╭──

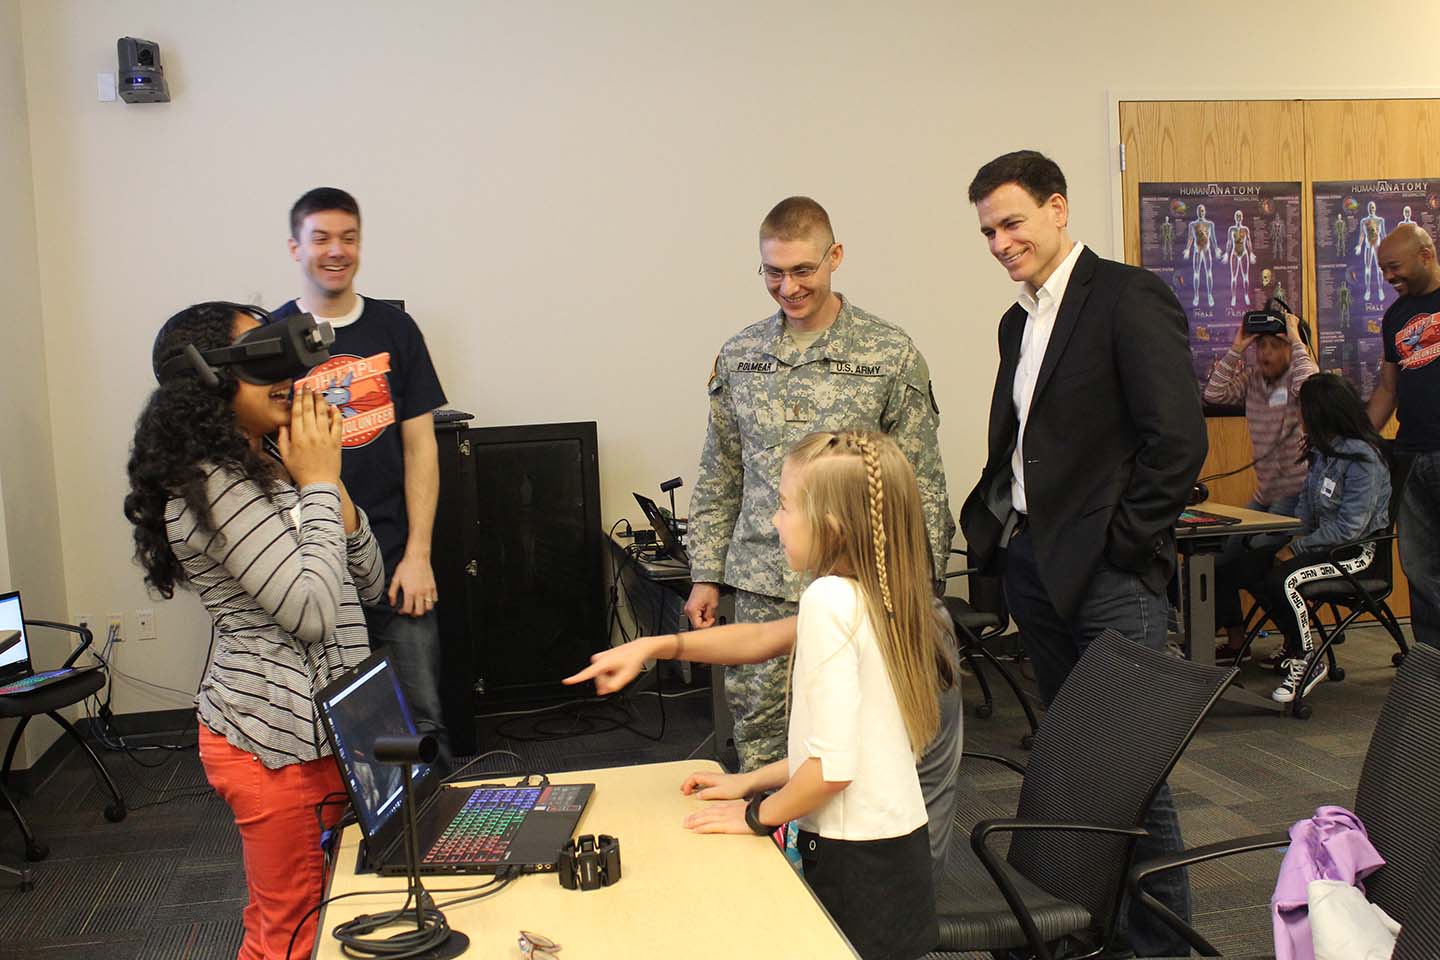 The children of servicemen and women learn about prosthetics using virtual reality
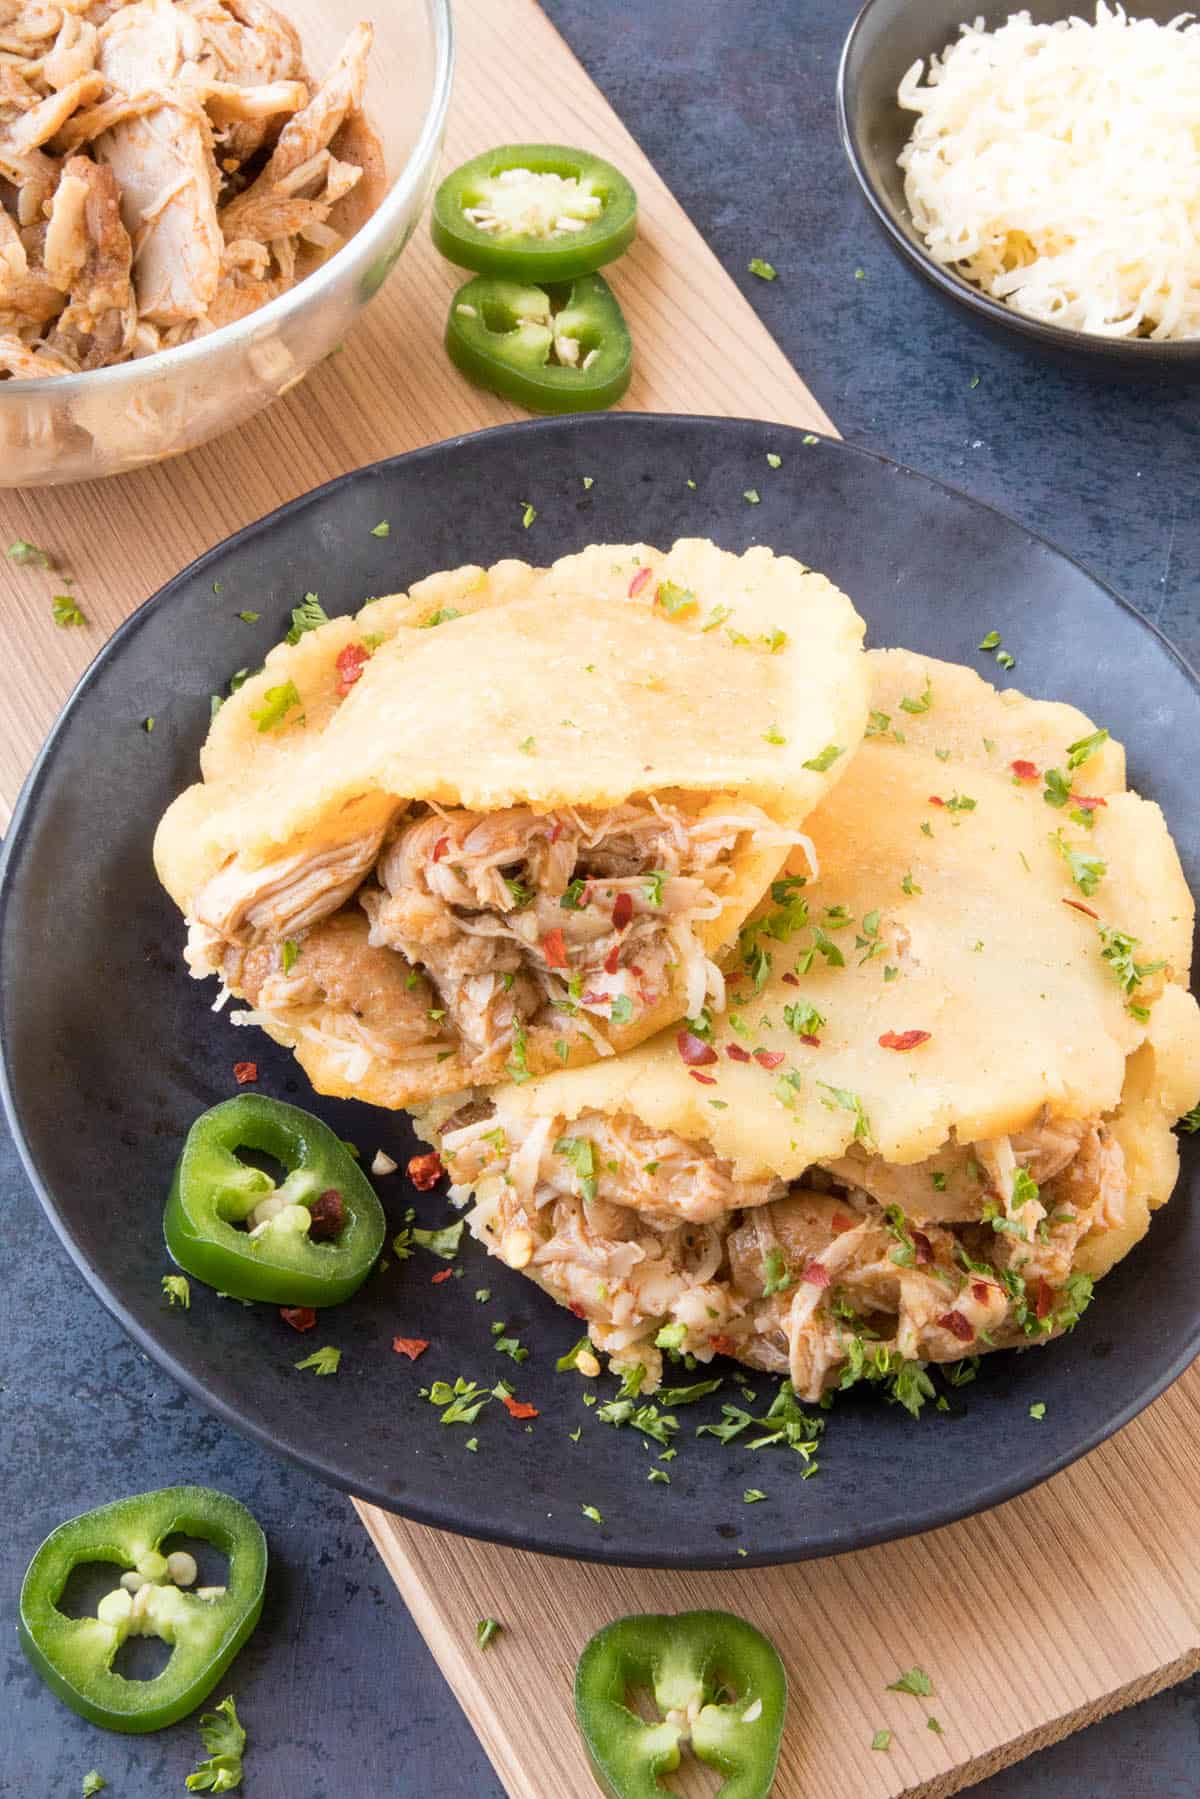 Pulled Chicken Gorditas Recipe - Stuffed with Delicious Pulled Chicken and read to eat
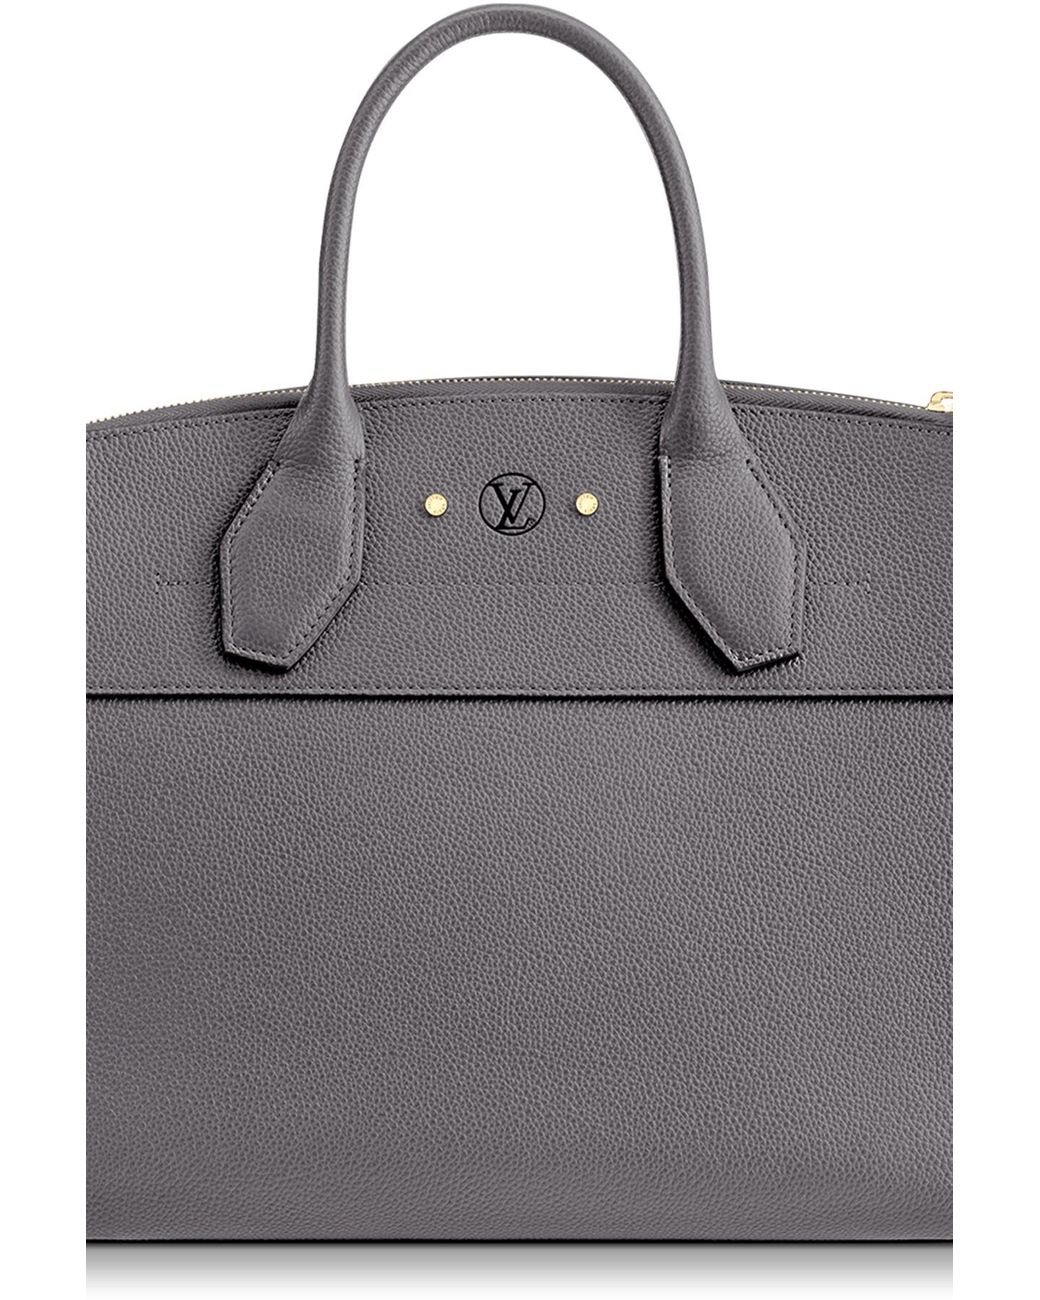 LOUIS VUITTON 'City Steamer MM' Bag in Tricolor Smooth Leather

╰──

=== What to produce ===
The entire listing above, minus its pictures, should be copied out exactly.

=== Result for this task ===
 The children of servicemen and women learn about prosthetics using virtual reality
 Pulled Chicken Gorditas Recipe - Stuffed with Delicious Pulled Chicken and read to eat
 LOUIS VUITTON 'City Steamer MM' Bag in Tricolor Smooth Leather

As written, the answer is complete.